Hall's research interests included nuclear reactor development, X-ray crystallography and neutron physics, and cosmic rays. In 1951 she informed Robert Oppenheimer of the results of the Operation Greenhouse George nuclear test, in which the yield of an atomic bomb was "boosted" by the addition of a small capsule containing less than 1 oz of deuterium and tritium, which nonetheless increased the yield by 25 ktTNT.

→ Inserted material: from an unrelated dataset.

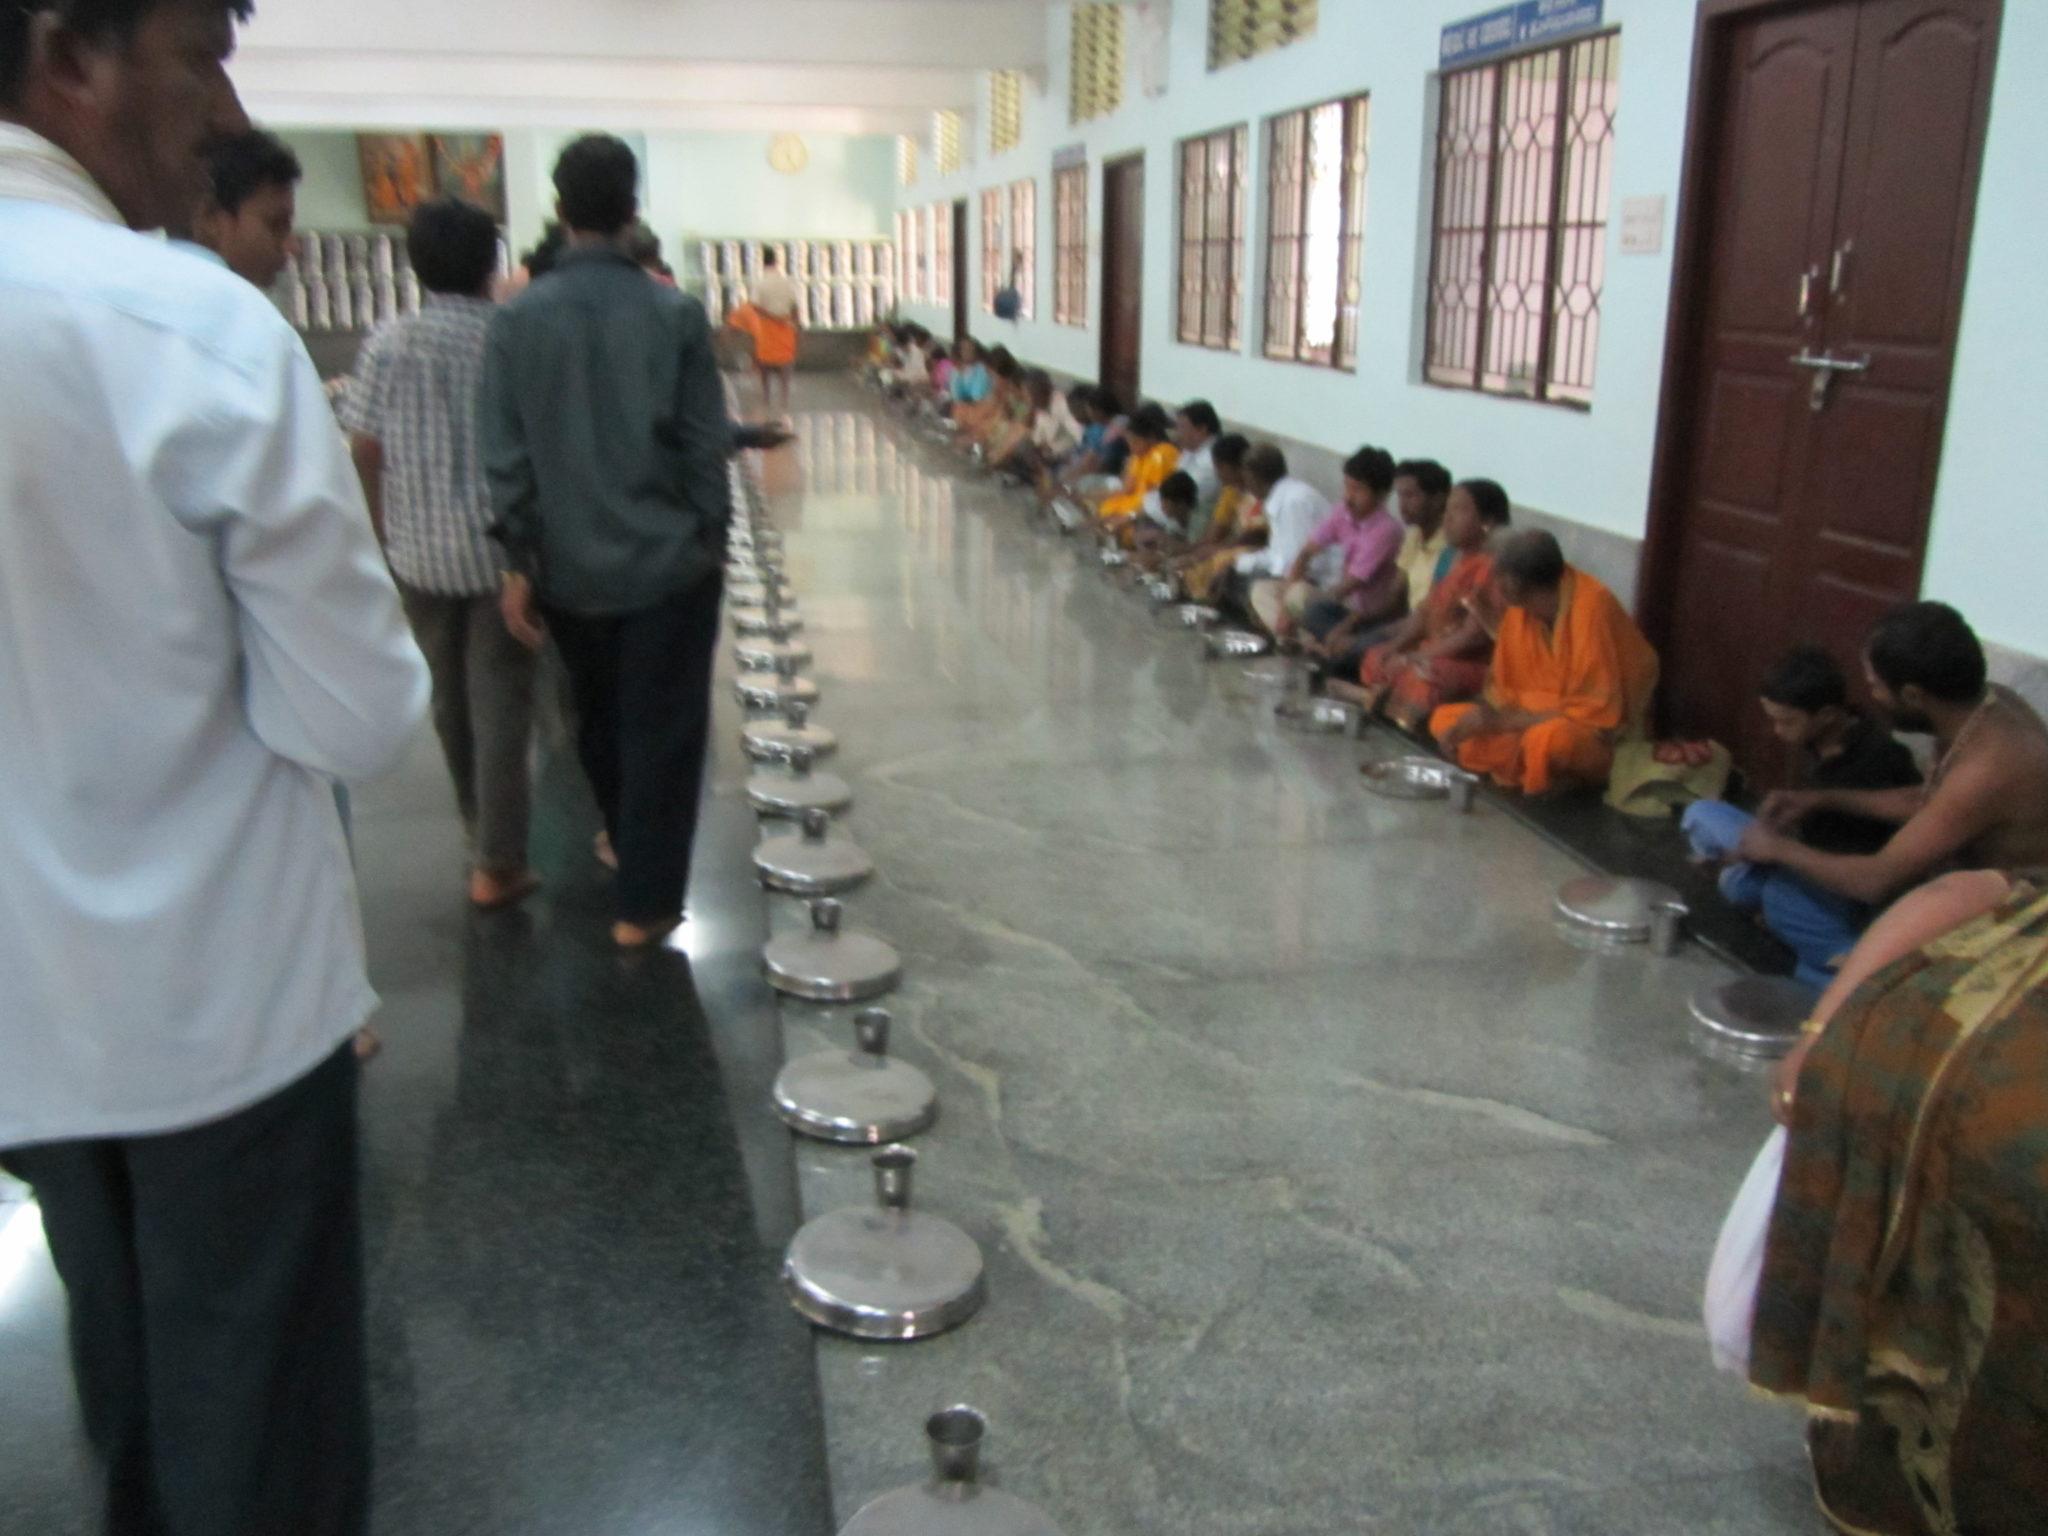 PIC 10-Annadana Hall at Horanadu Annapoorneshwari temple ...

Hall became associate director of the Los Alamos National Laboratory in 1958. That year she was an American delegate at the Atoms for Peace Conference in Geneva. She was secretary of the General Advisory Committee (GAC) of the Atomic Energy Commission (AEC) from 1956 until 1959, and was a member of the GAC from 1966 to 1972. When President Lyndon Johnson appointed her in 1966, she became the first woman to serve on the GAC. She was also a member of the AEC Advisory committee on Nuclear Materials and Safeguards from 1967 to 1972. She retired from the Los Alamos National Laboratory in 1970. In October of that year, the chairman of the AEC, Glenn Seaborg, presented her with the Atomic Energy Commission Citation and gold medal. She died in November 1981.